GIVEN INFORMATION
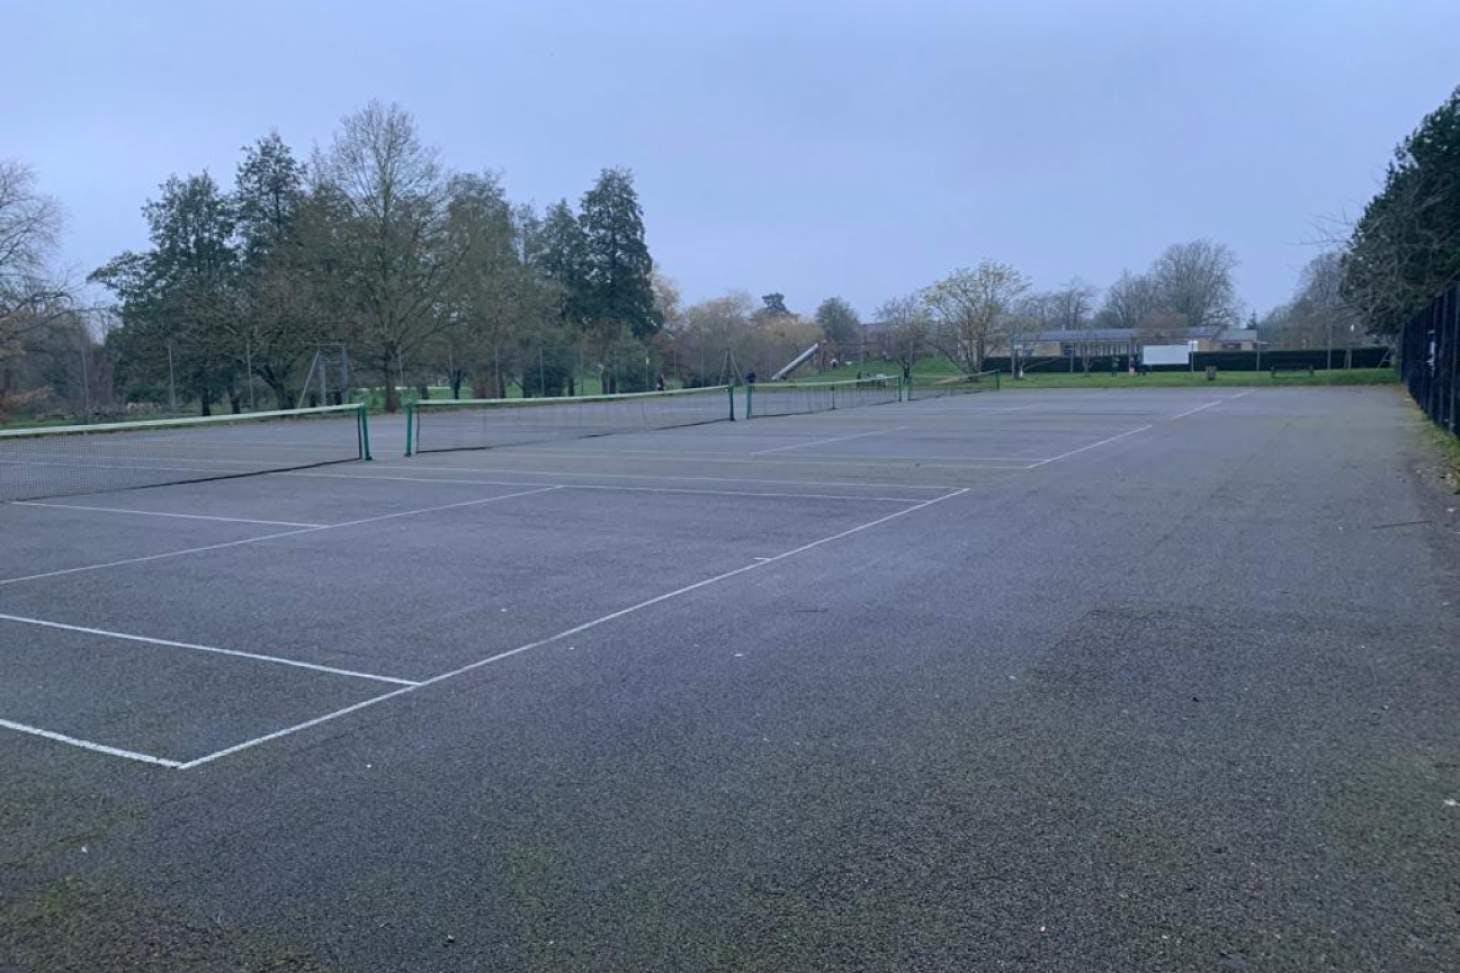 Cutteslowe Park Outdoor | Hard (macadam) tennis court
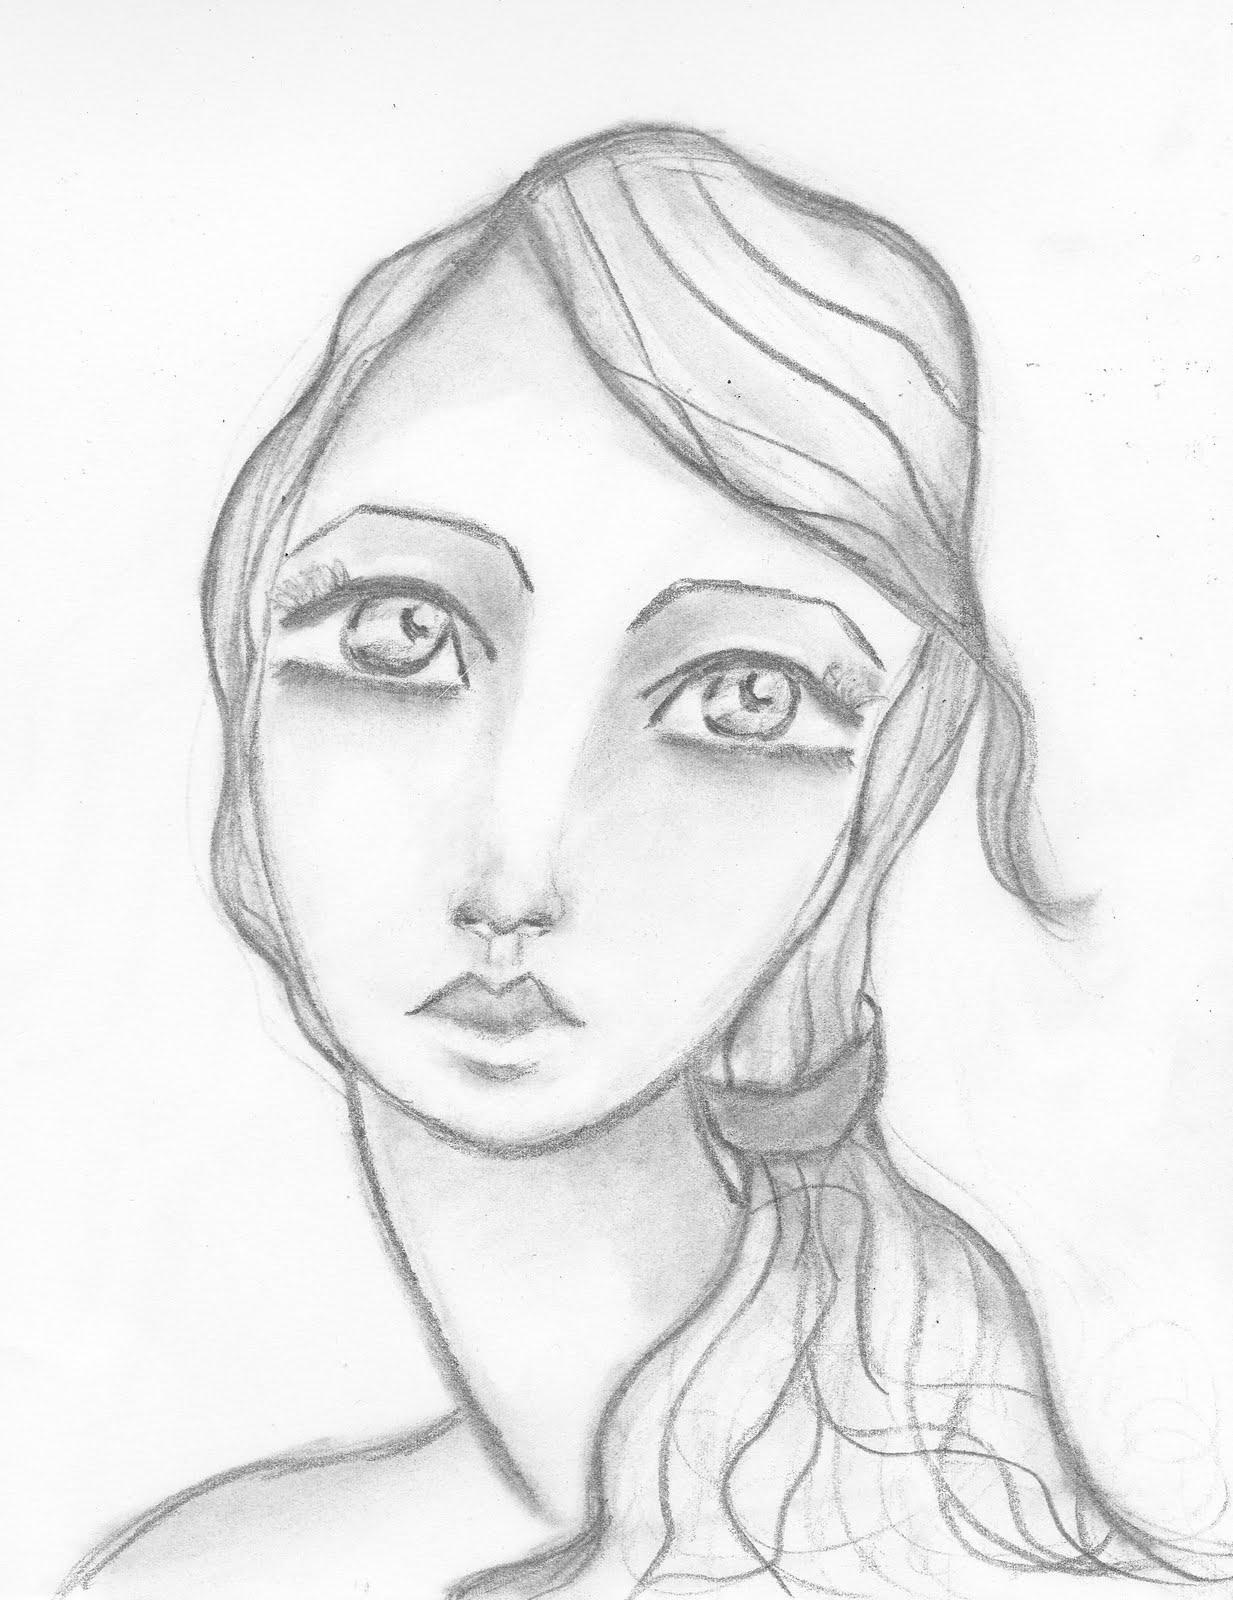 http://2.bp.blogspot.com/-n_kjCDyoagE/TpGb7CaiBxI/AAAAAAAAB4I/IwYjG77b-xk/s1600/ponytailgirl.jpg
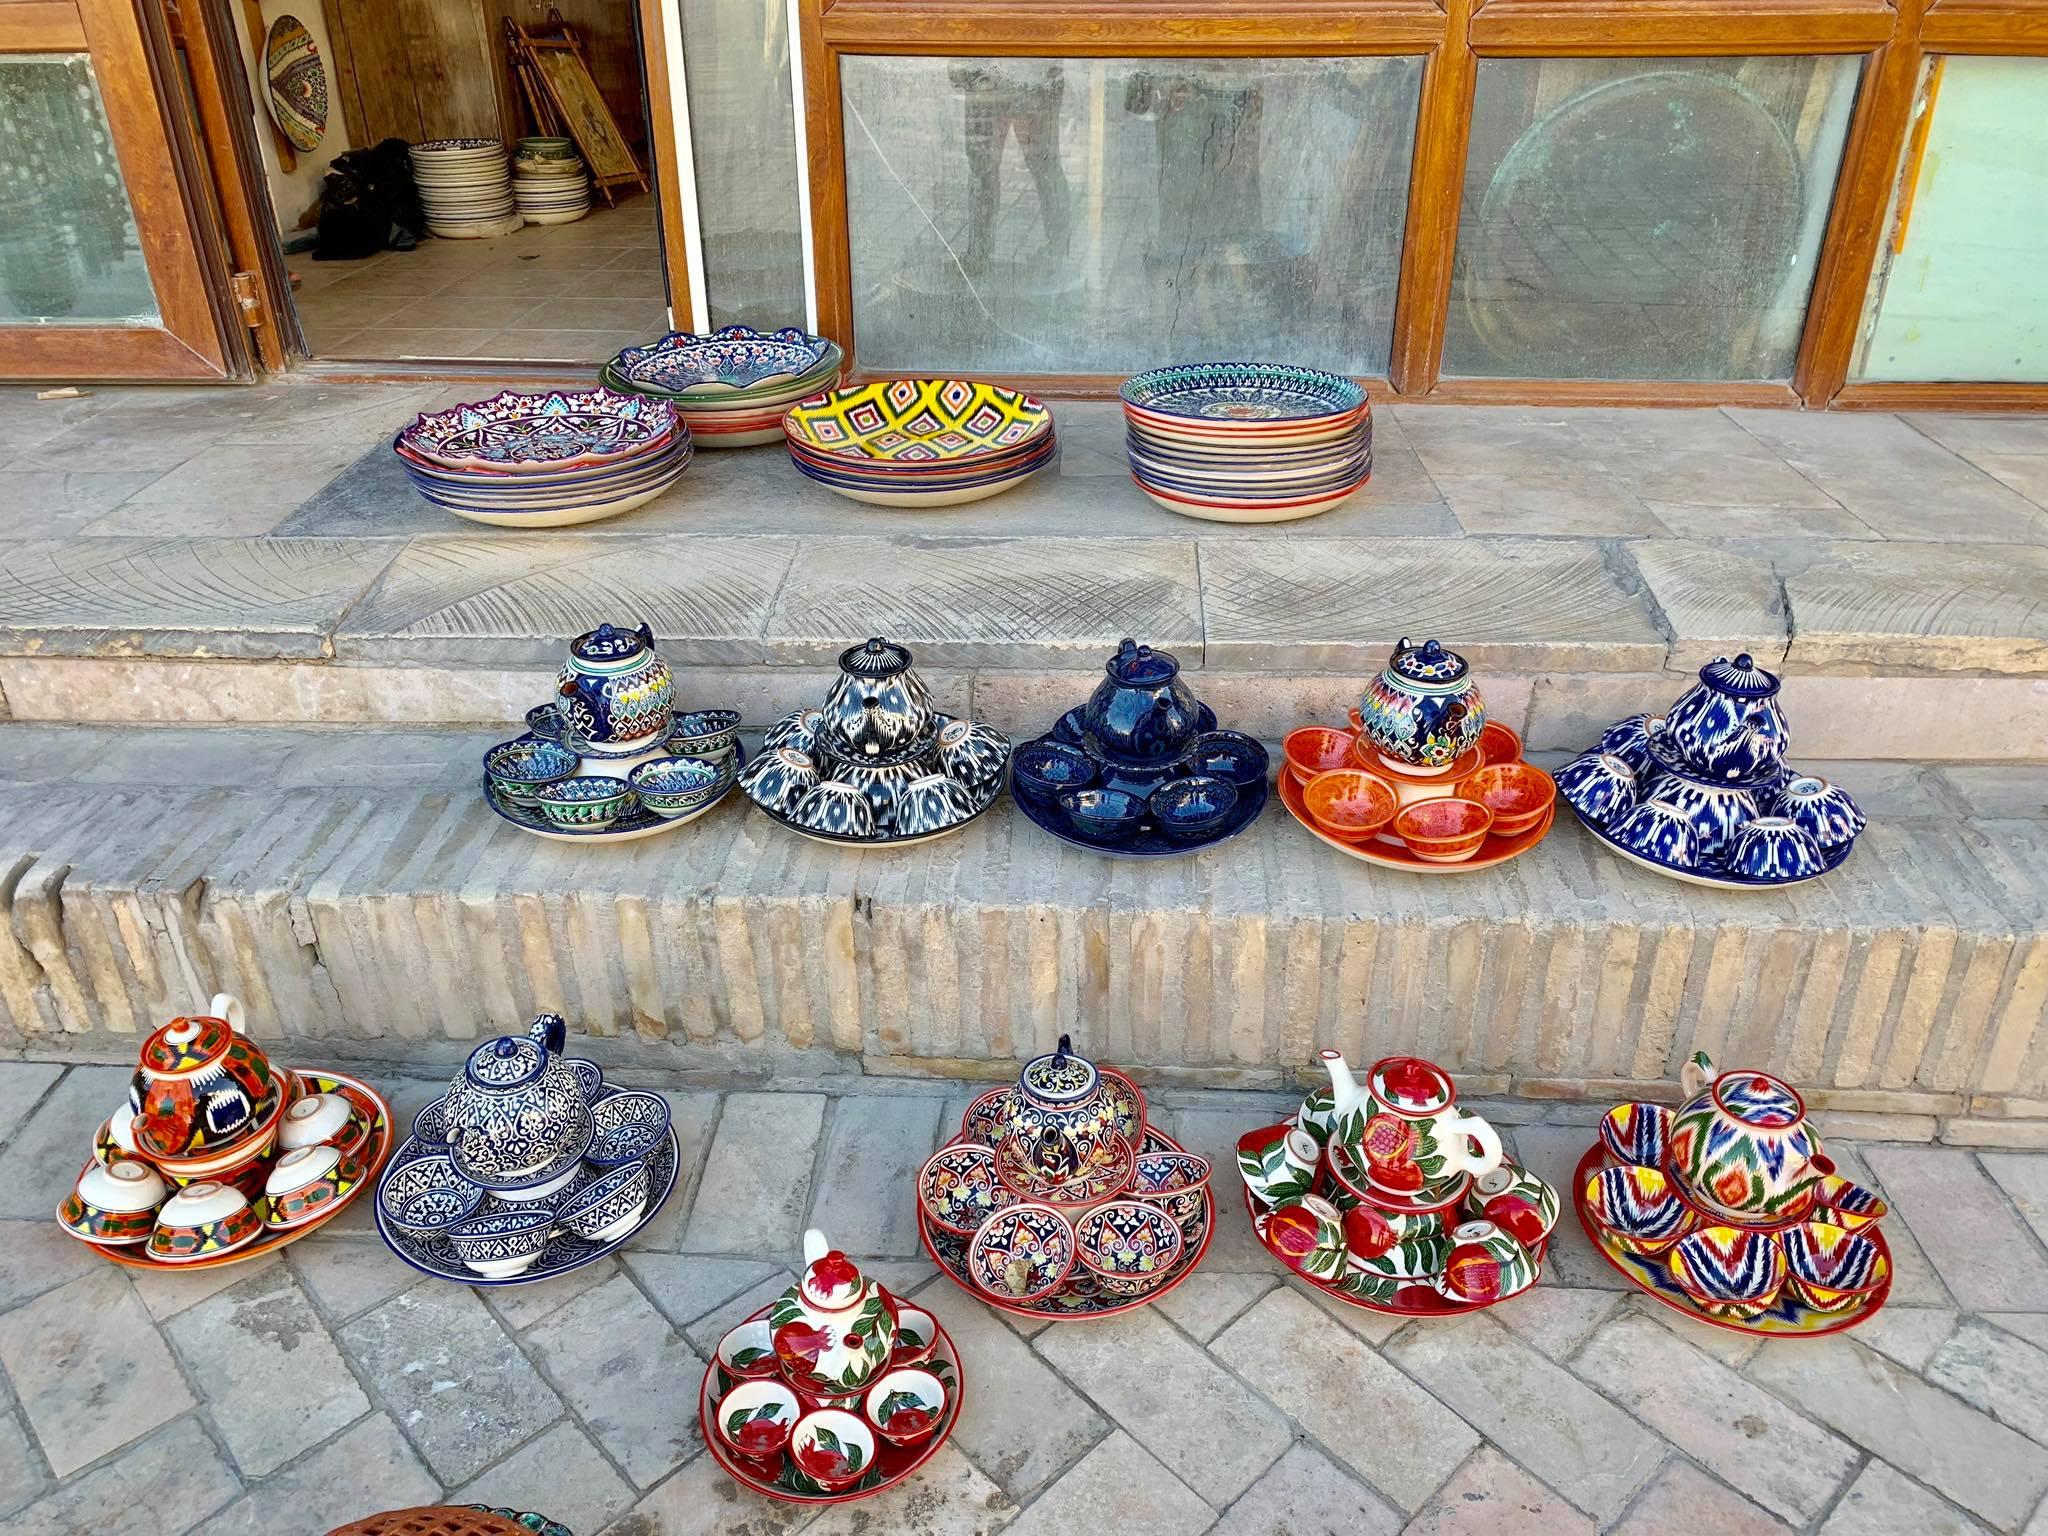 Kach Solo Travels in 2019 Last stop in Uzbekistan19.jpg

WORK TO BE COMPLETED
Wherever an image sits in the data, omit it; everything else must be copied exactly.

RESPONSE BELOW
 Cutteslowe Park Outdoor | Hard (macadam) tennis court
 http://2.bp.blogspot.com/-n_kjCDyoagE/TpGb7CaiBxI/AAAAAAAAB4I/IwYjG77b-xk/s1600/ponytailgirl.jpg
 Kach Solo Travels in 2019 Last stop in Uzbekistan19.jpg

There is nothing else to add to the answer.